AVAILABLE DATA
====================

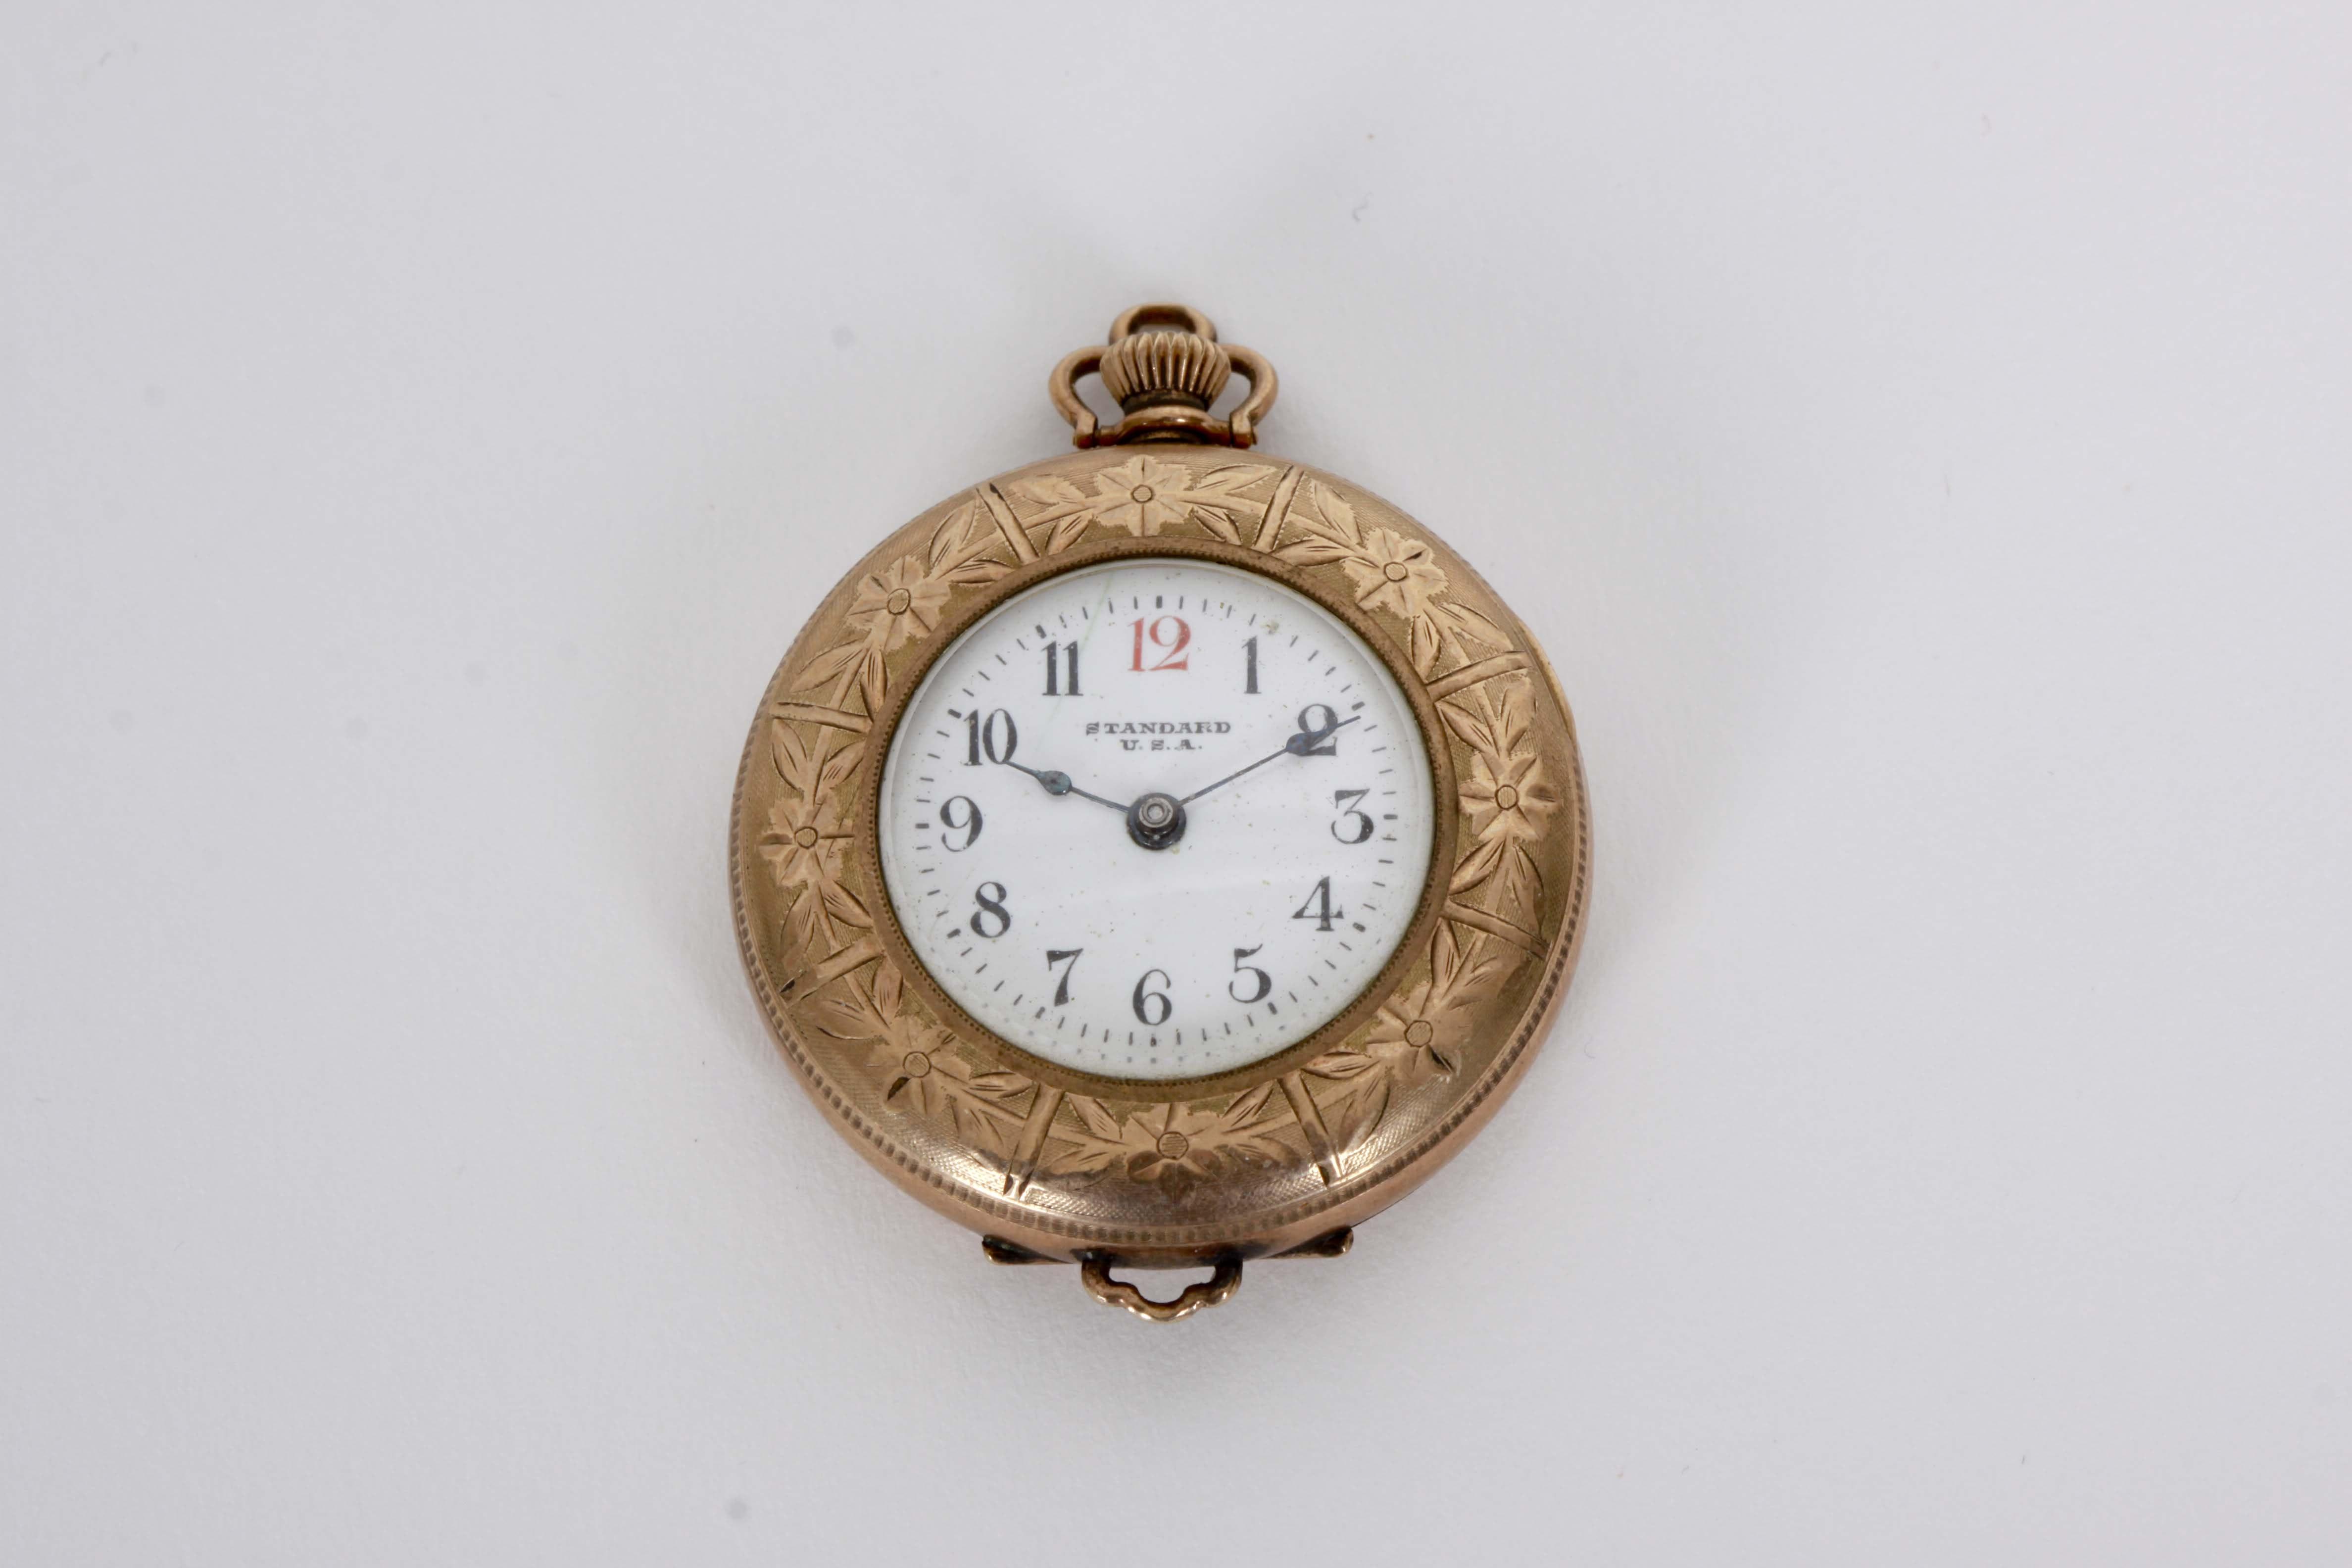 A Standard Gold Filled Pocketwatch
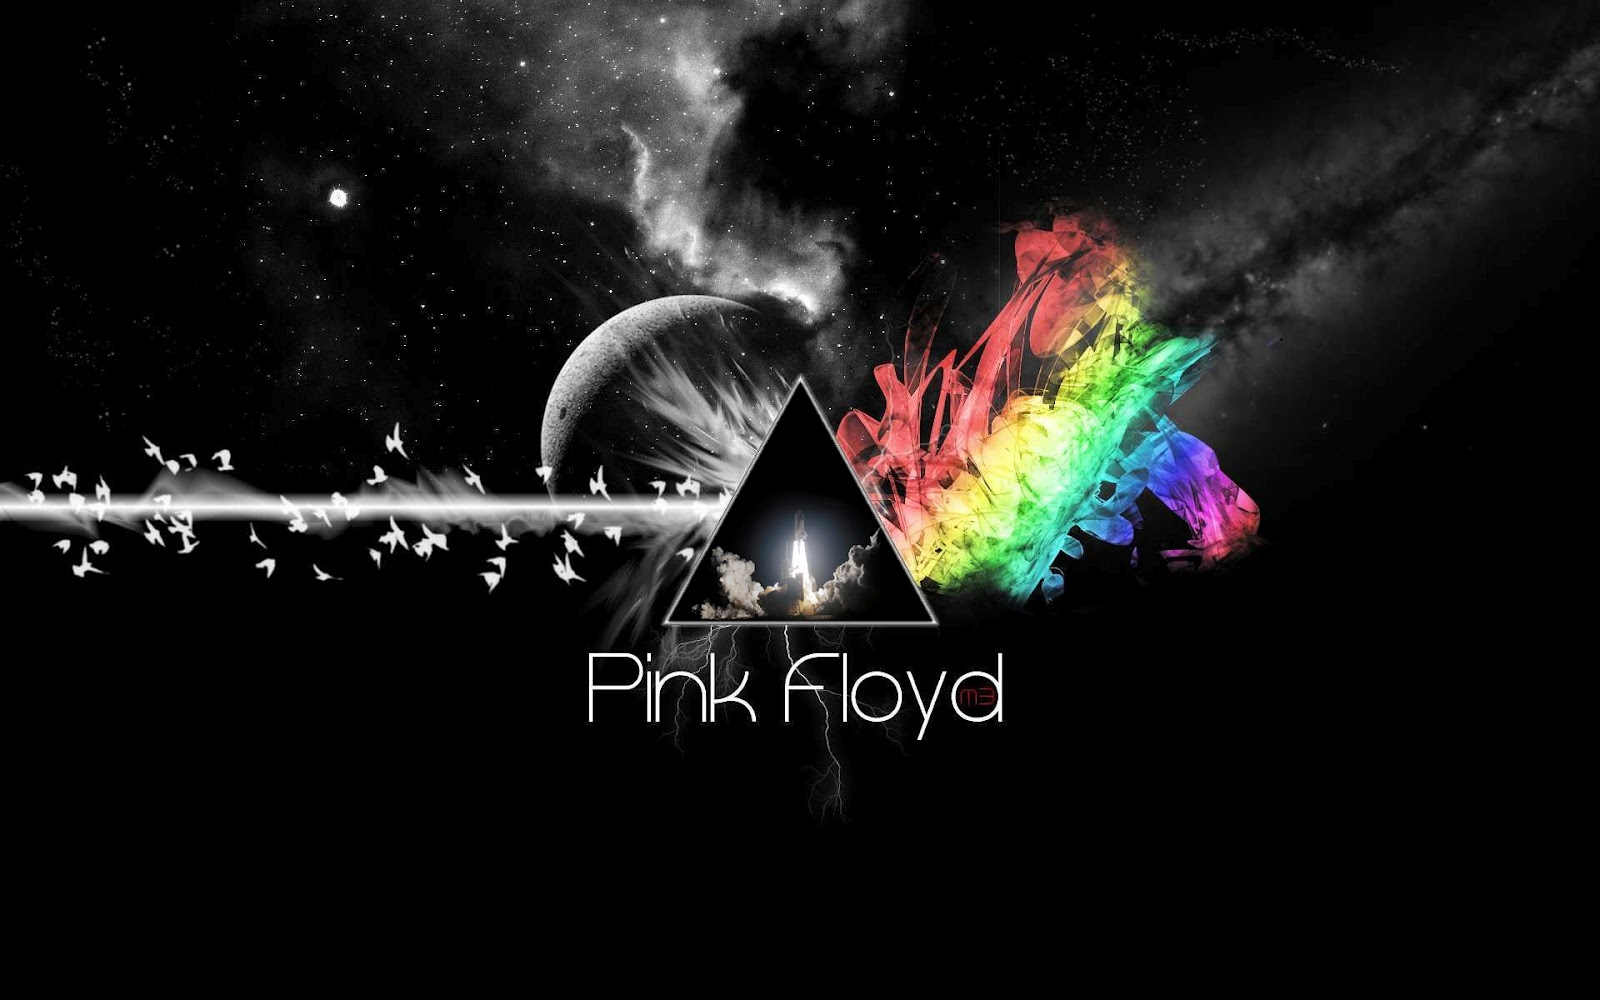 http://2.bp.blogspot.com/-rLugjjChTPg/T4icEgLYx1I/AAAAAAAAATE/3bmWUPsneZk/s1600/pink-floyd-wallpaper-4.jpg
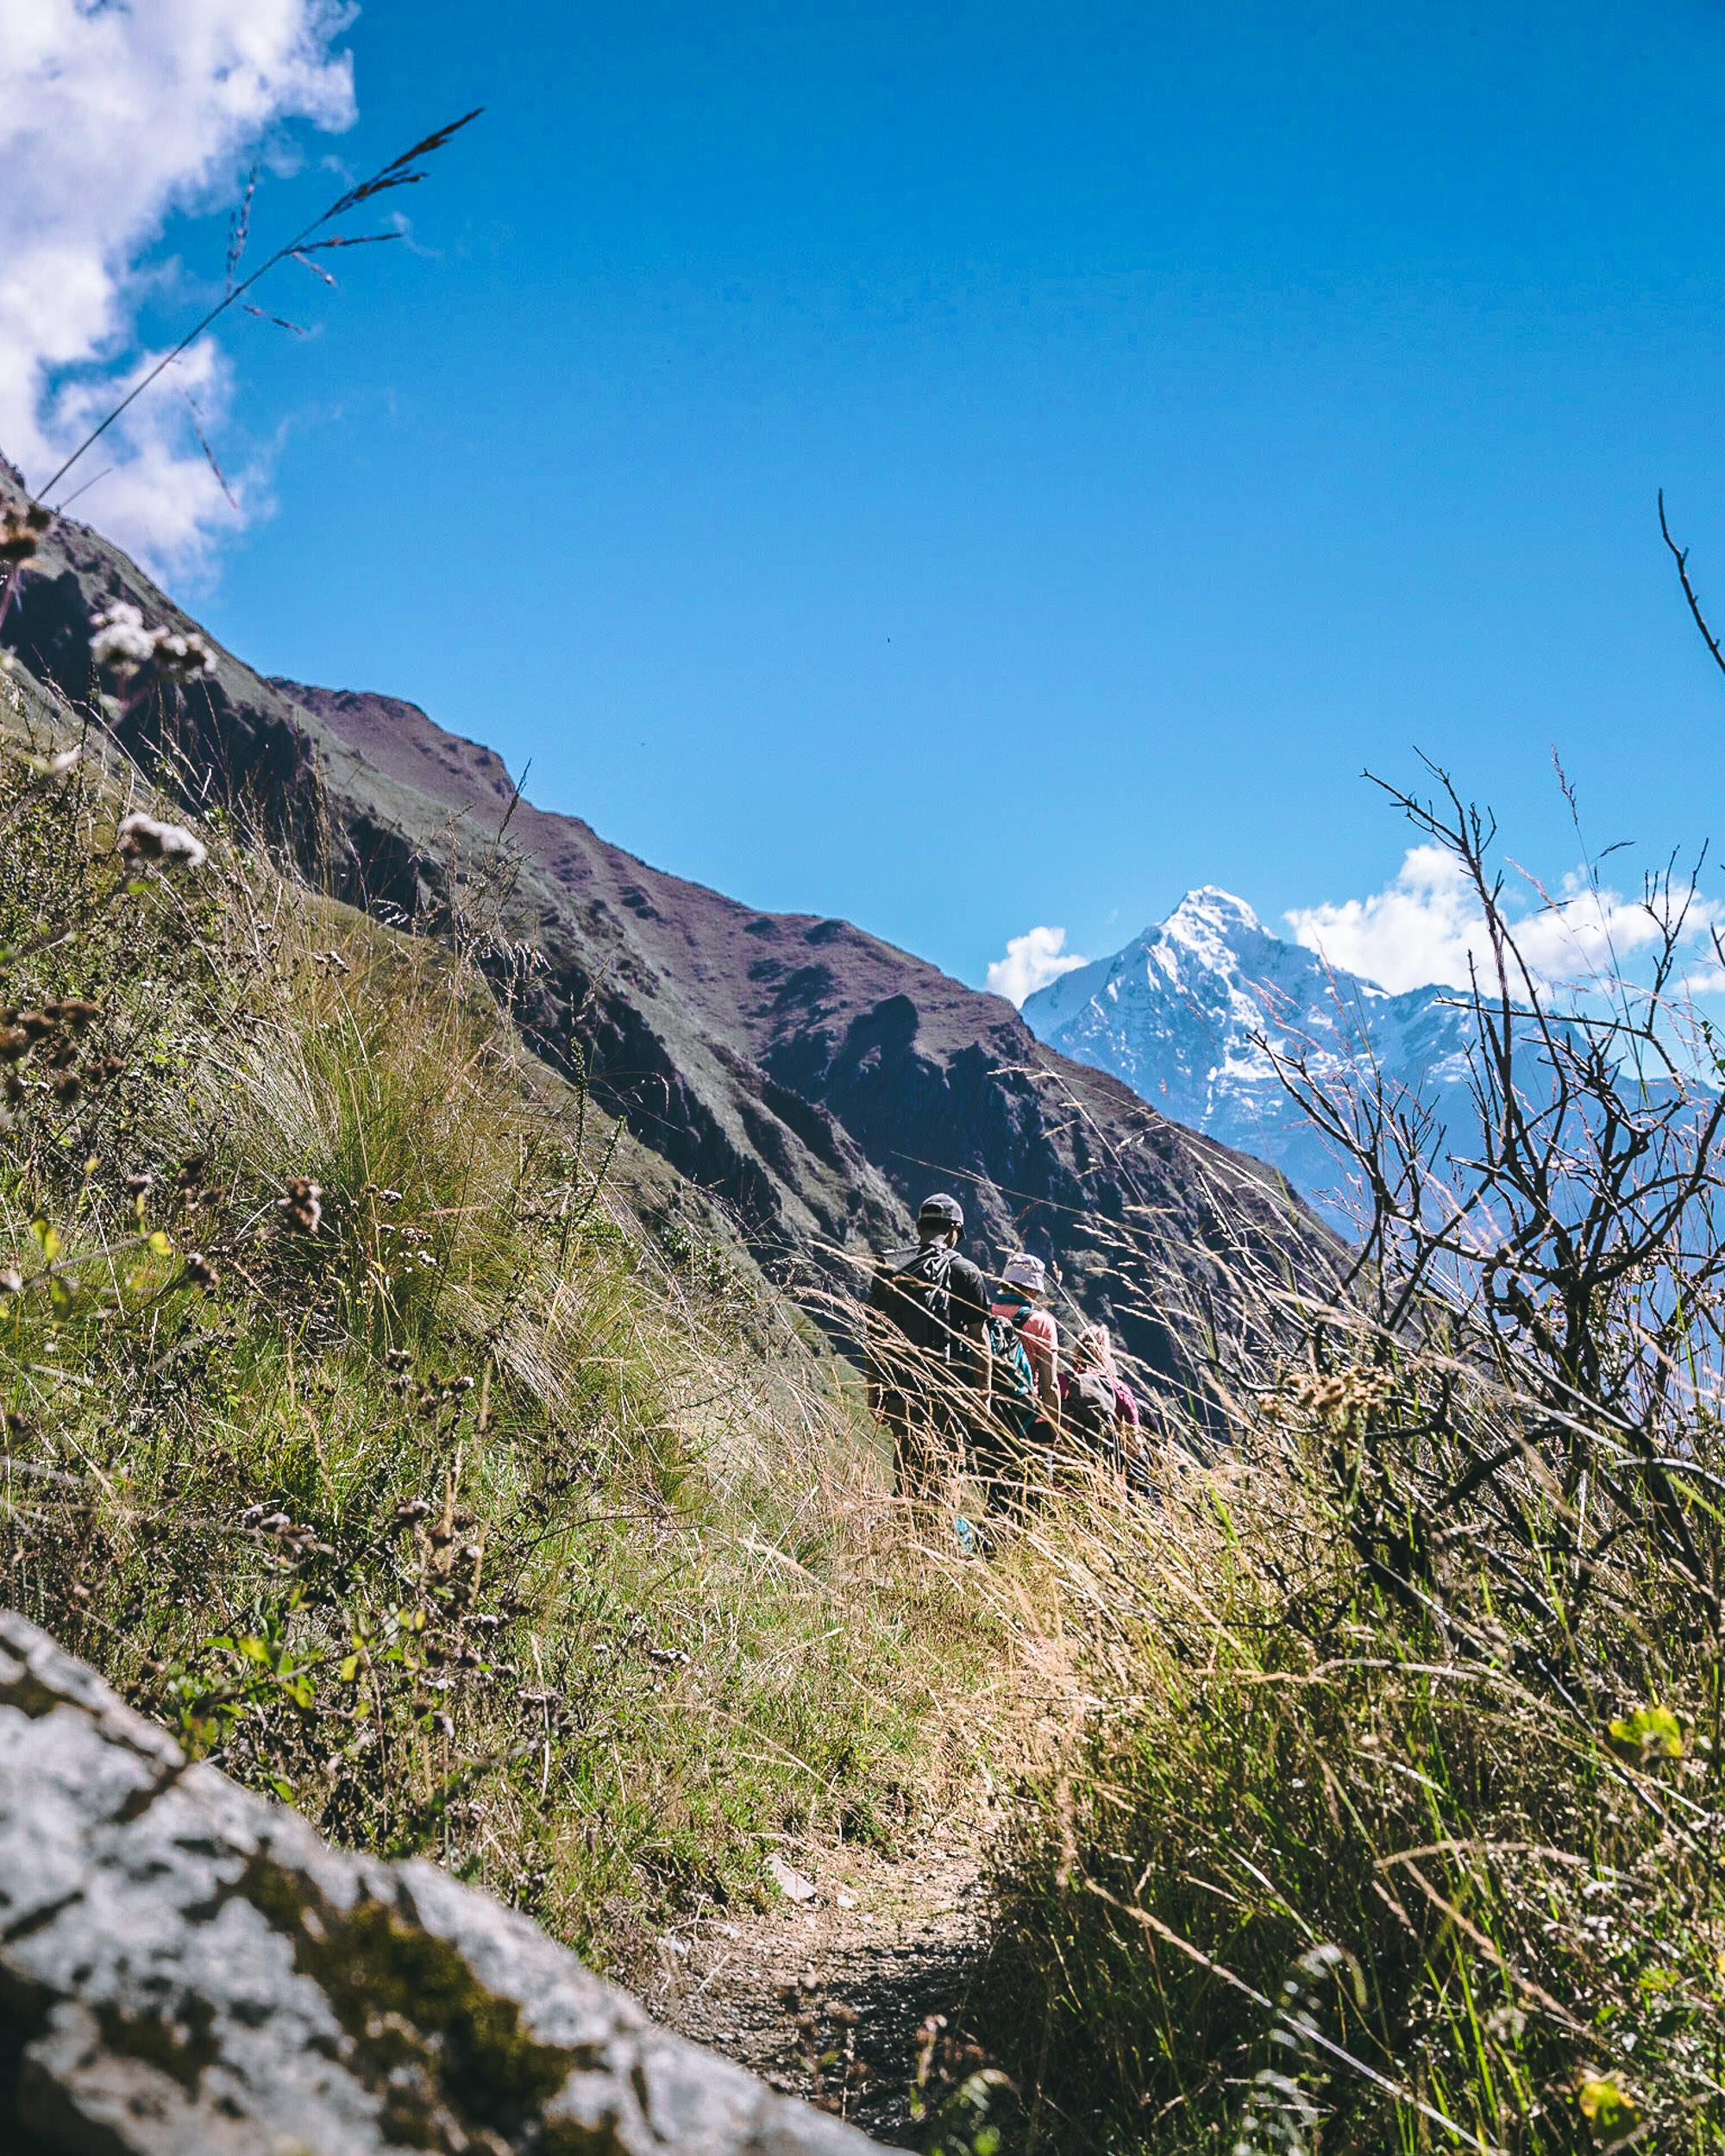 Trek To Machu Picchu - Glorious Mountain Views

====================

EXERCISE GOAL
All of the data should come back exactly as written, but without pictures.

COMPLETED EXERCISE
 A Standard Gold Filled Pocketwatch
 http://2.bp.blogspot.com/-rLugjjChTPg/T4icEgLYx1I/AAAAAAAAATE/3bmWUPsneZk/s1600/pink-floyd-wallpaper-4.jpg
 Trek To Machu Picchu - Glorious Mountain Views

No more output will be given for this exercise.